Pension Plan. The Bank sponsors a tax-qualified defined benefit pension
plan (the "Pension Plan"). All full-time employees of the Bank are eligible to
participate after 1 year of service and attainment of age 21. A qualifying
employee becomes fully vested in the Pension Plan upon completion of five years
of qualifying service. The Pension Plan is intended to comply with the Employee
Retirement Income Security Act of 1974, as amended ("ERISA").

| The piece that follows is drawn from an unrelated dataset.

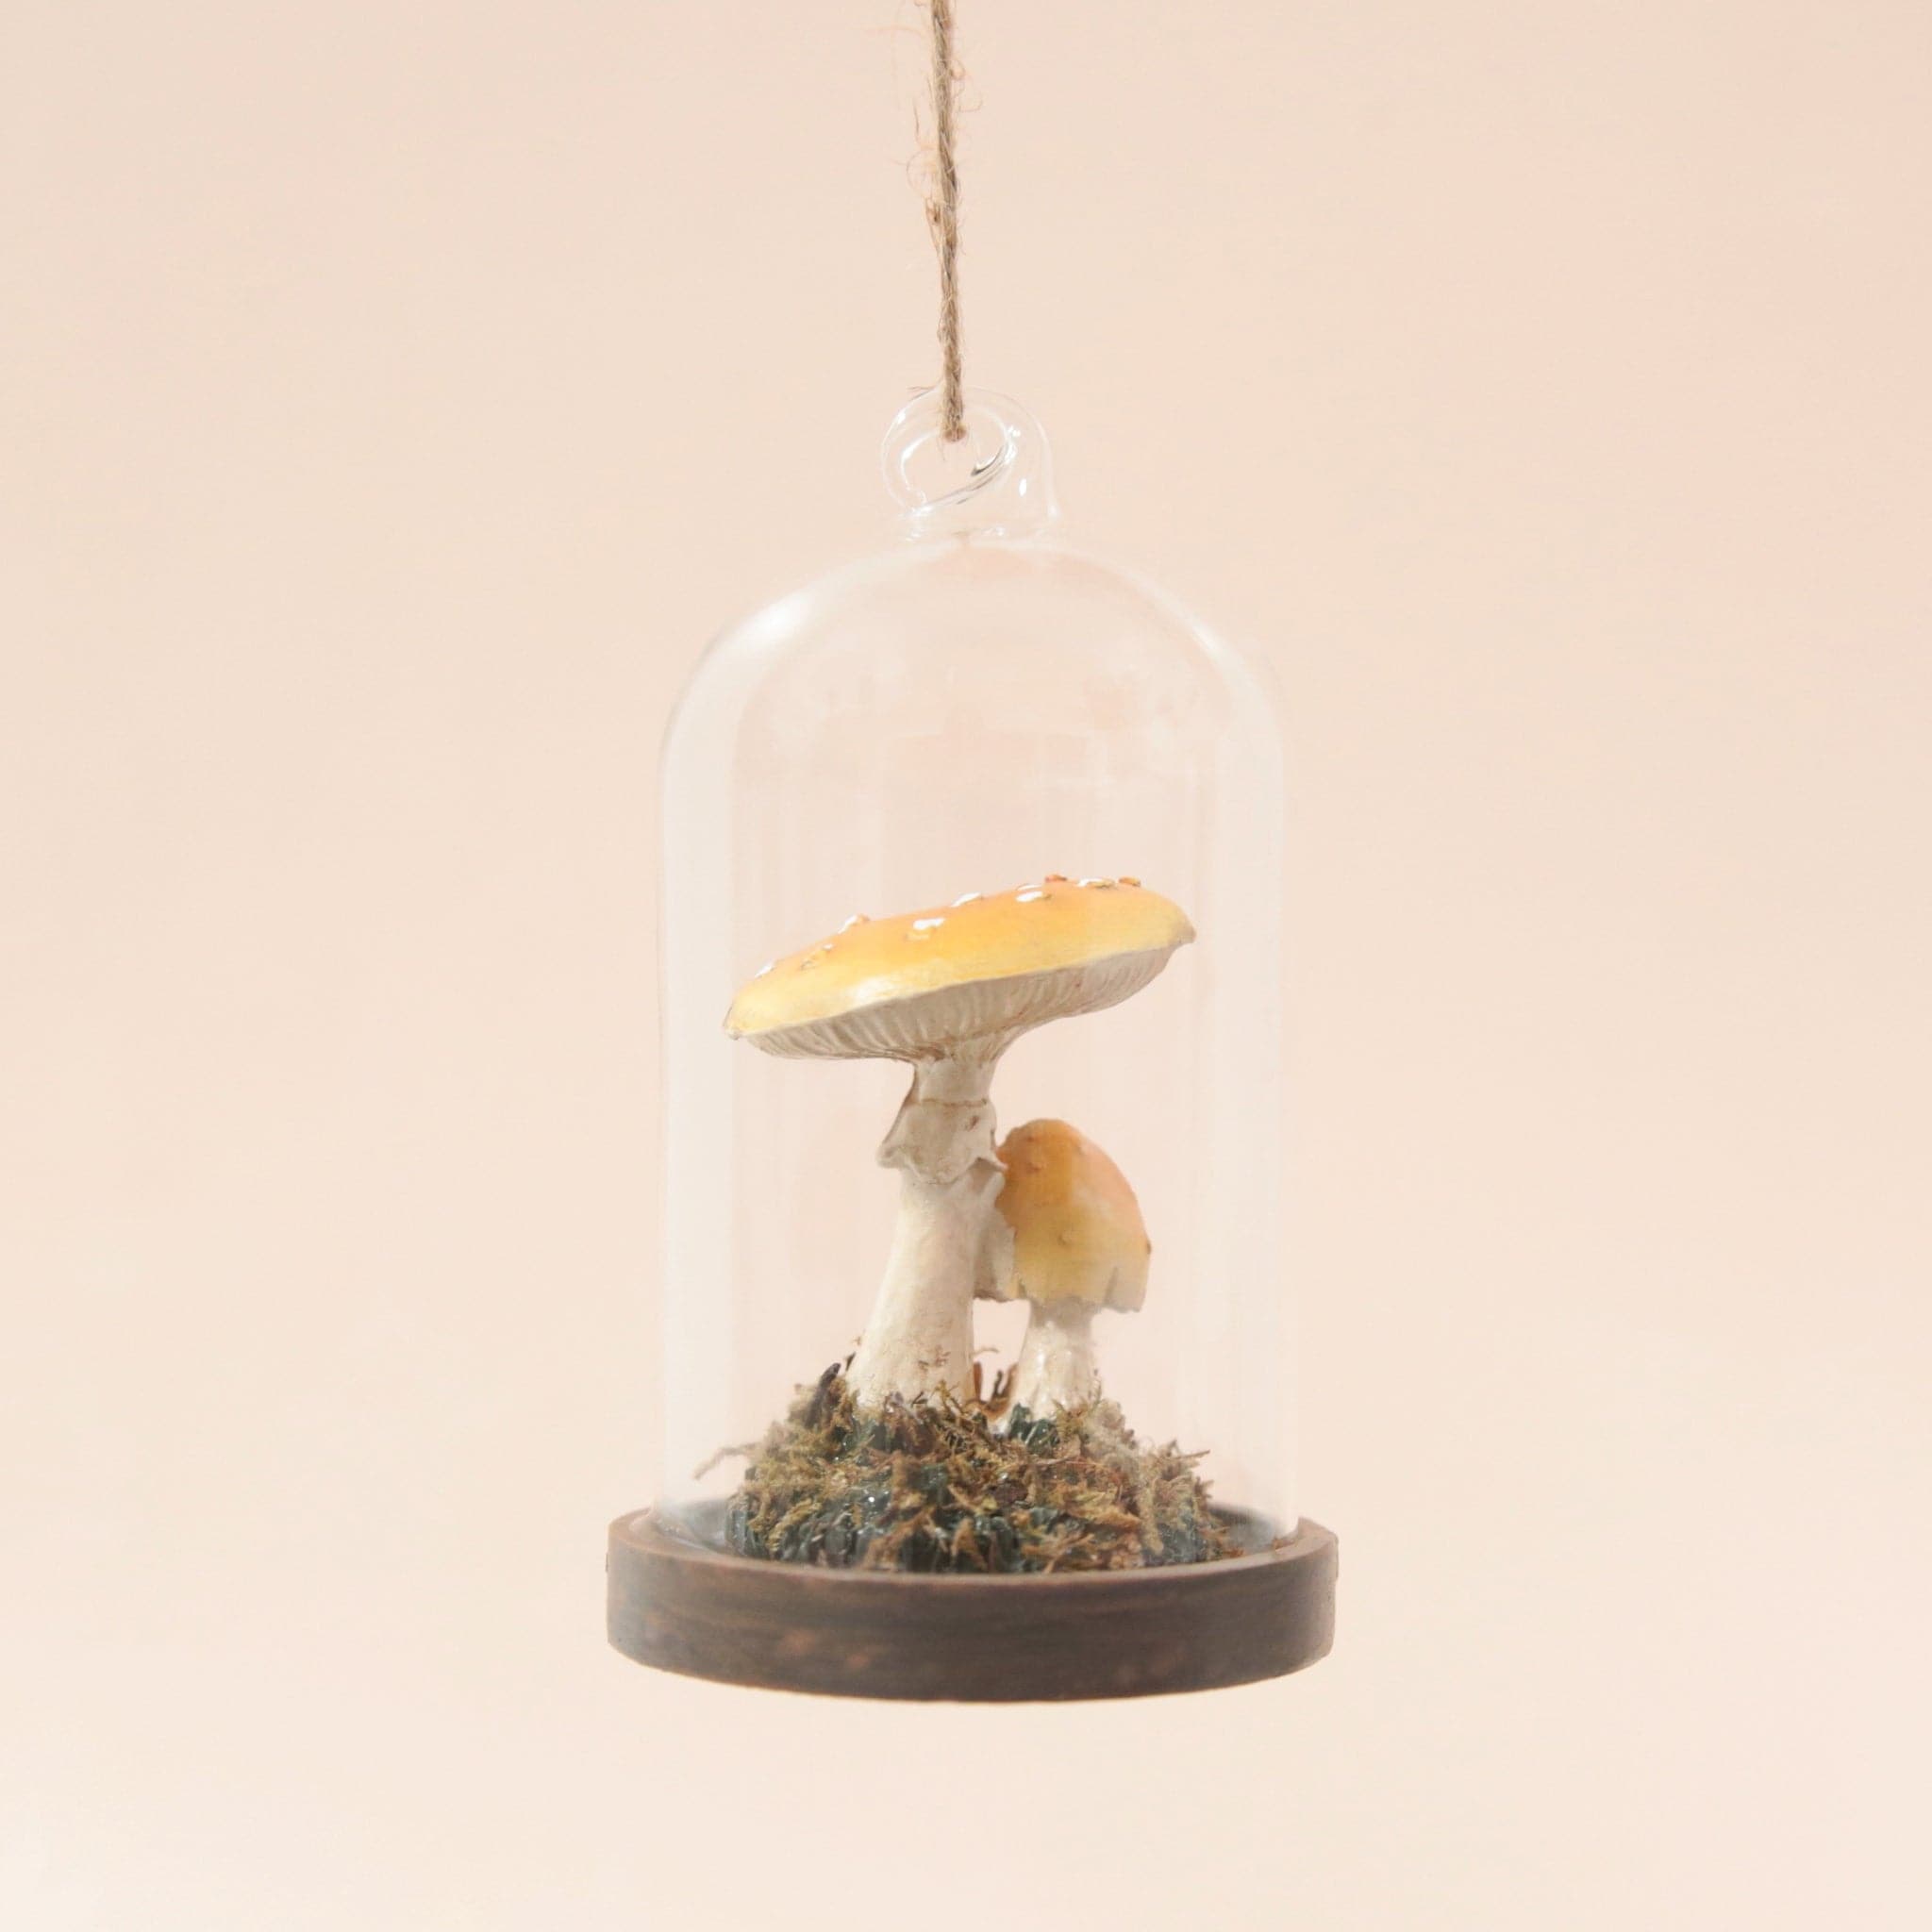 This mushroom ornament features two mushrooms of different sizes with a yellowy/tan top, placed in a glass dome cloche with a wooden base and moss covering the bottom.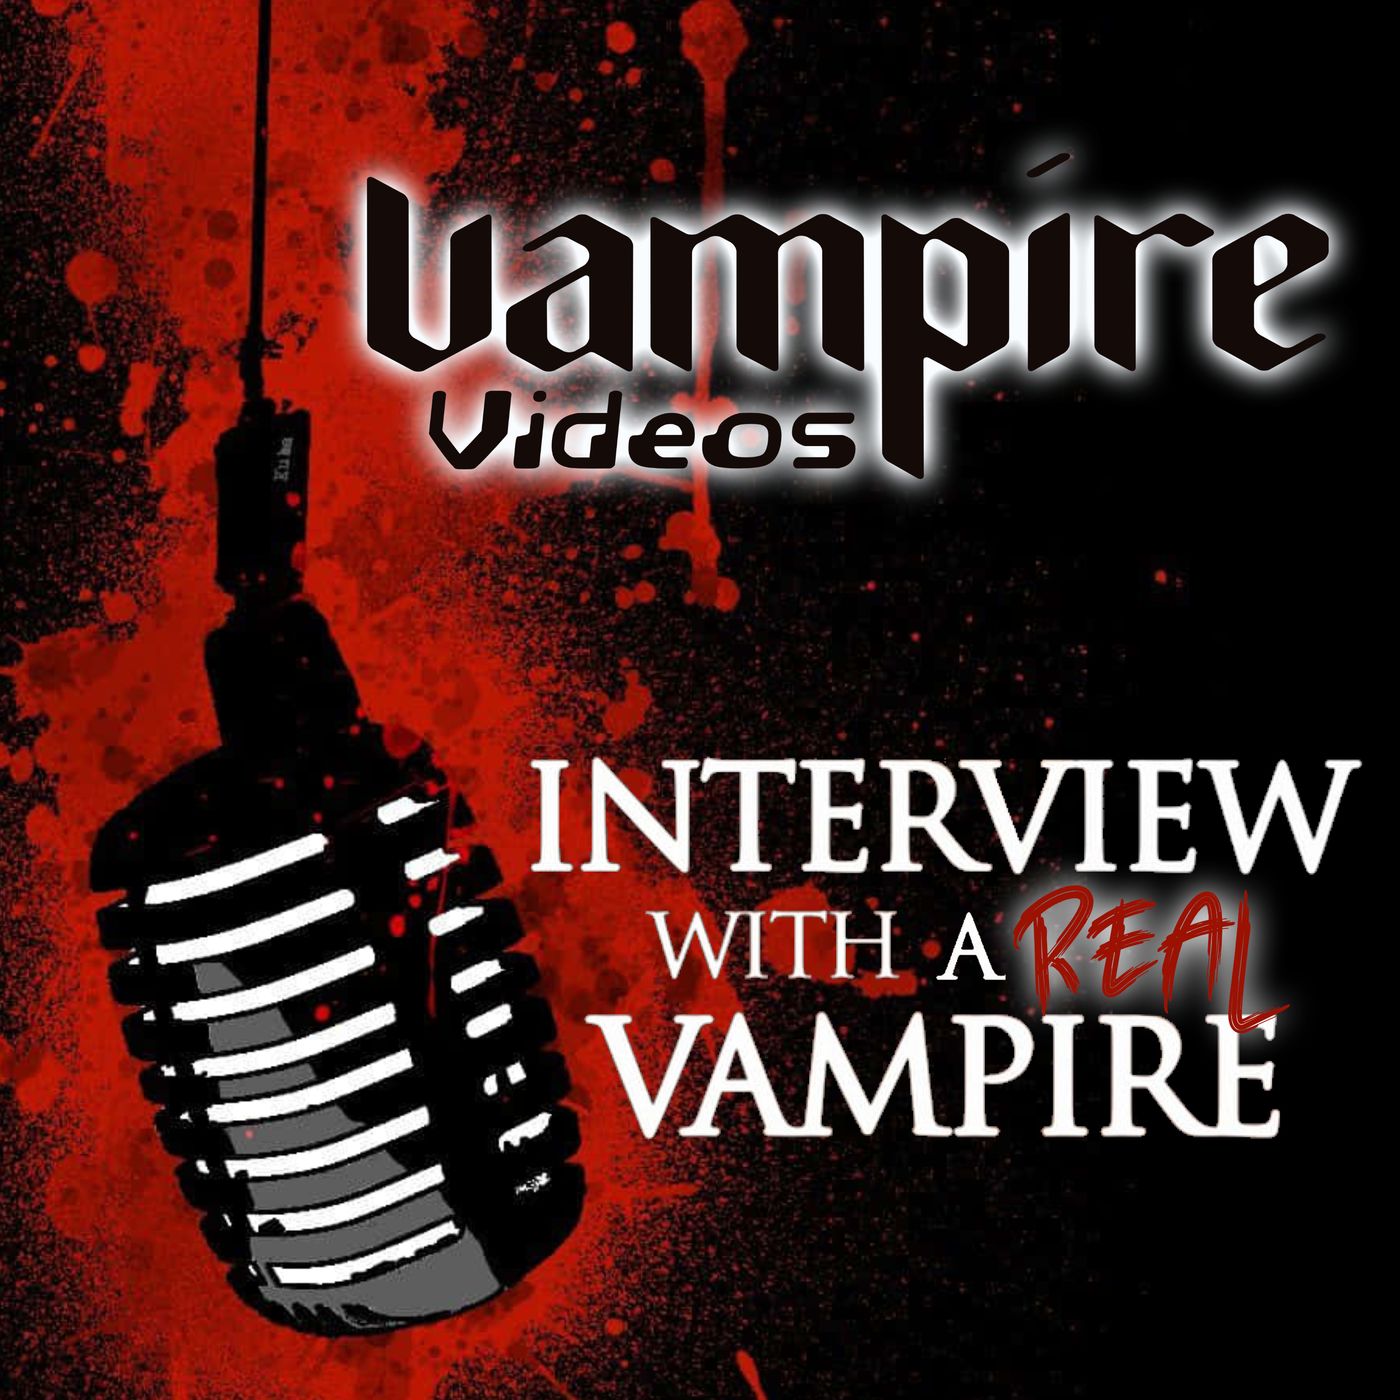 Bonus: Interview with a REAL Vampire

The Pension Plan provides for monthly payments to each participating
employee at normal retirement age (age 65). Upon termination at or after age 65
and completion of 25 or more years of service, the annual retirement benefit
would be determined based upon 40% times the average of the Five Year Highest
Salary. Retirement benefits may be paid after age 55, in which case such
benefits shall be reduced by an early retirement factor. Retirement benefits at
age 65 with less than 25 years of service are also reduced proportionately. This
benefit may be reduced in the future as allocations under the ESOP are made.
If a participant elects early retirement (age 55), the participant receives
a reduced monthly benefit. If a participant elects late retirement, the
participant receives an increased monthly benefit. Benefits are paid for the
life of the participant following retirement. The Pension Plan also provides for
payments in the event of death. At September 30, 1999, Mr. Hood had 27 years of
credited service under the Pension Plan. At September 30, 1999, the monthly
benefit payable to Mr. Hood at normal retirement age would have been $3,420.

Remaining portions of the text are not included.